Tödliche Messerattacke in Offenburg Richterin erlässt Haftbefehl gegen Tatverdächtigen

Die Ermittler suchen weiter nach dem Motiv des mutmaßlichen Mörders eines Arztes aus Offenburg. Die Oberbürgermeisterin der Stadt äußerte sich bestürzt über die Tat.

Tatort in Offenburg
DPA

Tatort in Offenburg


Ein 26-Jähriger sitzt nach der tödlichen Messerattacke auf einen Arzt in Offenburg in Untersuchungshaft. Eine Richterin erließ Haftbefehl wegen Mordverdachts gegen den Mann, wie Polizei und Staatsanwaltschaft mitteilten.

Das Motiv des mutmaßlichen Täters sei weiter unklar. Die Polizei hatte den 26-Jährigen am Donnerstag nach einer kurzen Großfahndung festgenommen. Er soll kurz zuvor in der Praxis den 51-jährigen Mediziner erstochen und eine Arzthelferin leicht verletzt haben. Zunächst hatte es geheißen, die Frau sei schwer verletzt worden.

Nach bisherigen Erkenntnissen betrat der Mann ohne Termin die Praxis, in der bereits andere Patienten waren. Er sei zielstrebig in ein Behandlungszimmer gegangen. Dort habe er den Arzt mit einem mitgebrachten Messer attackiert. Die Waffe blieb bei der Flucht zurück.
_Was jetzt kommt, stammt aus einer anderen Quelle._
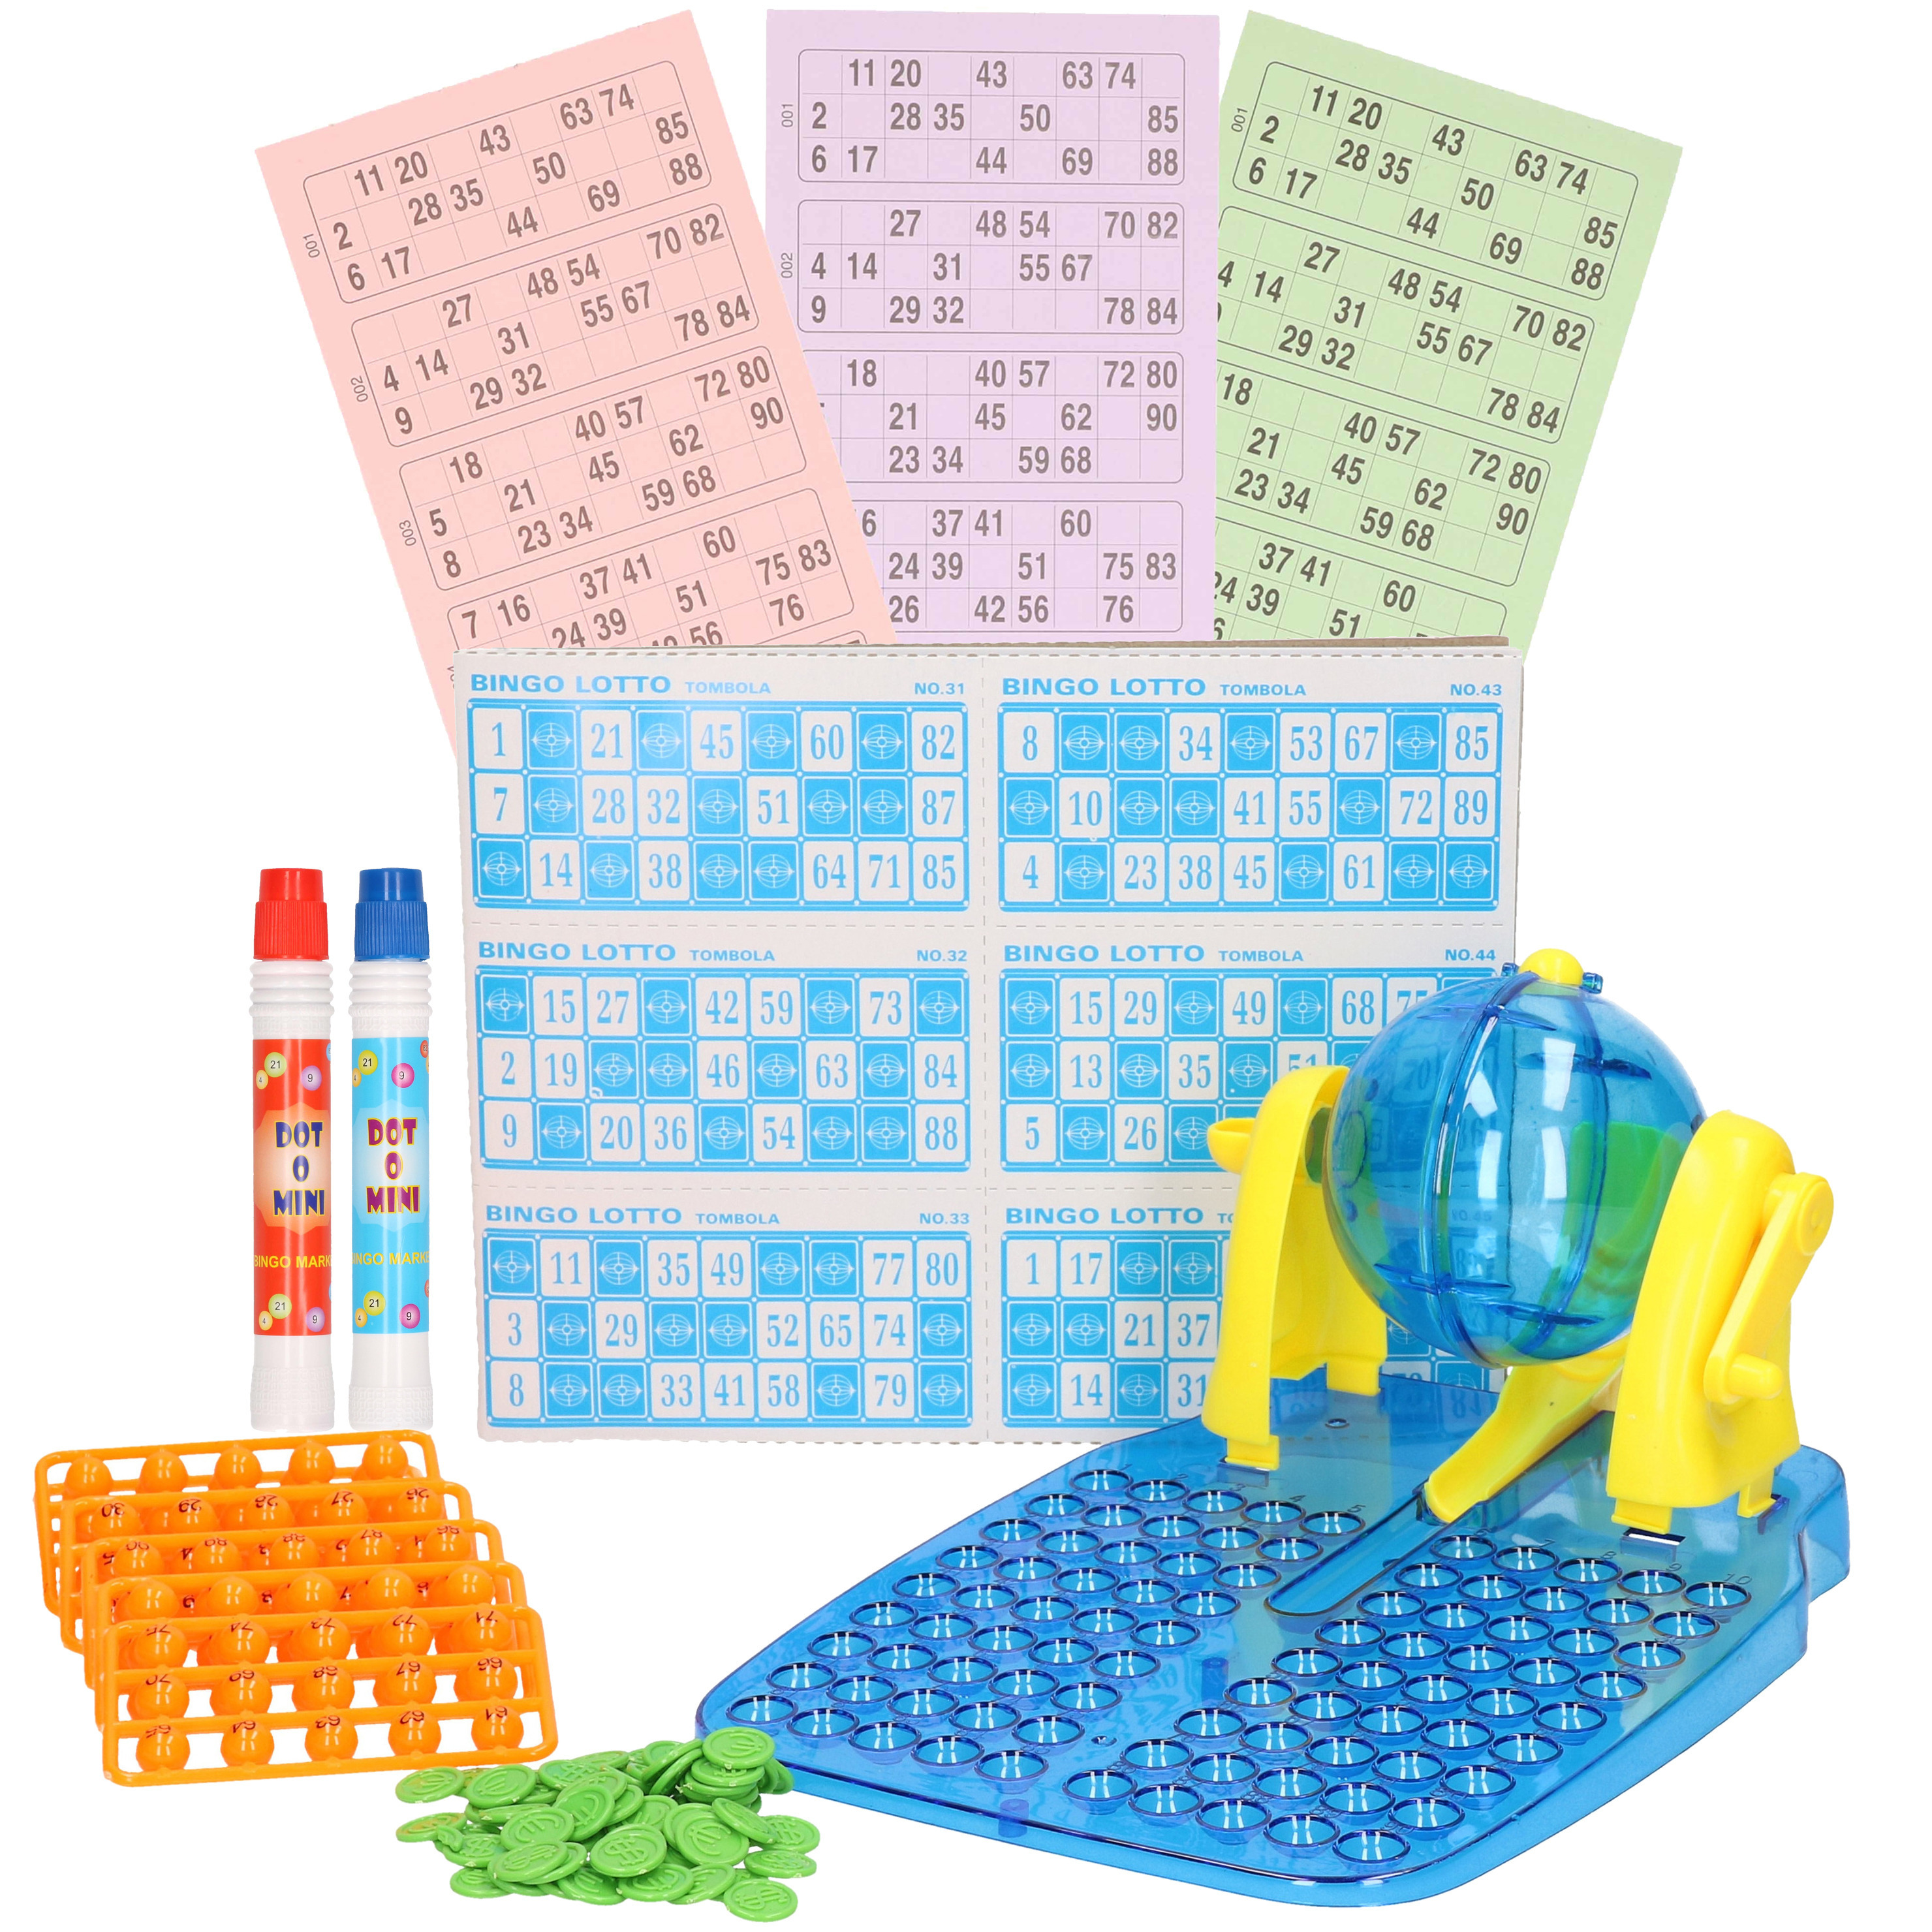 Bingo spel blauw-geel complete set nummers 1-90 met molen-148x bingokaarten-2x stiften

Der Verdächtige ist laut den Behörden ein seit November 2015 in Deutschland lebender Asylbewerber aus Somalia. Er war den Angaben zufolge in diesem Sommer an zwei Auseinandersetzungen in seiner Asylbewerberunterkunft in Offenburg beteiligt. Am vergangenen Wochenende hatte der 26-Jährige nach Polizeiangaben deswegen eine Nacht in Gewahrsam verbringen müssen.

Oberbürgermeisterin mahnt zur Besonnenheit

Offenburgs Oberbürgermeisterin Edith Schreiner (CDU) rief indes zur Besonnenheit auf. Sie habe mit großer Bestürzung von dem Verbrechen erfahren. "Mein tiefstes Mitgefühl gilt insbesondere der Witwe und der Tochter des Verstorbenen, seiner Familie sowie der verletzten Arzthelferin. Ihr wünsche ich baldige Genesung."

Sie dankte der Polizei, die den mutmaßlichen Täter bereits nach einer Stunde fasste. "Dass das Tötungsdelikt in unmittelbarer Nähe die Offenburger Bürgerinnen und Bürger bewegt, ist nachvollziehbar und menschlich. Doch gerade deshalb appelliere ich an die Offenburger Bürgerschaft, sich besonnen zu verhalten und von Pauschalisierungen abzusehen."

Der AfD-Landtagsabgeordnete Stefan Räpple hatte bereits wenige Stunden nach der Festnahme des Mannes der Oberbürgermeisterin, der grün-schwarzen Landesregierung und der Bundesregierung aus CDU und SPD eine direkte Mitschuld am Tod des Arztes zugewiesen. Grund sei die nach seiner Ansicht verfehlte Migrationspolitik. Räpple forderte Schreiner zum Rücktritt auf.

Die AfD hat für Samstag nach Angaben einer Stadtsprecherin eine Demonstration vor dem Offenburger Rathaus angemeldet. Die Linke Jugend will eine Gegendemonstration organisieren.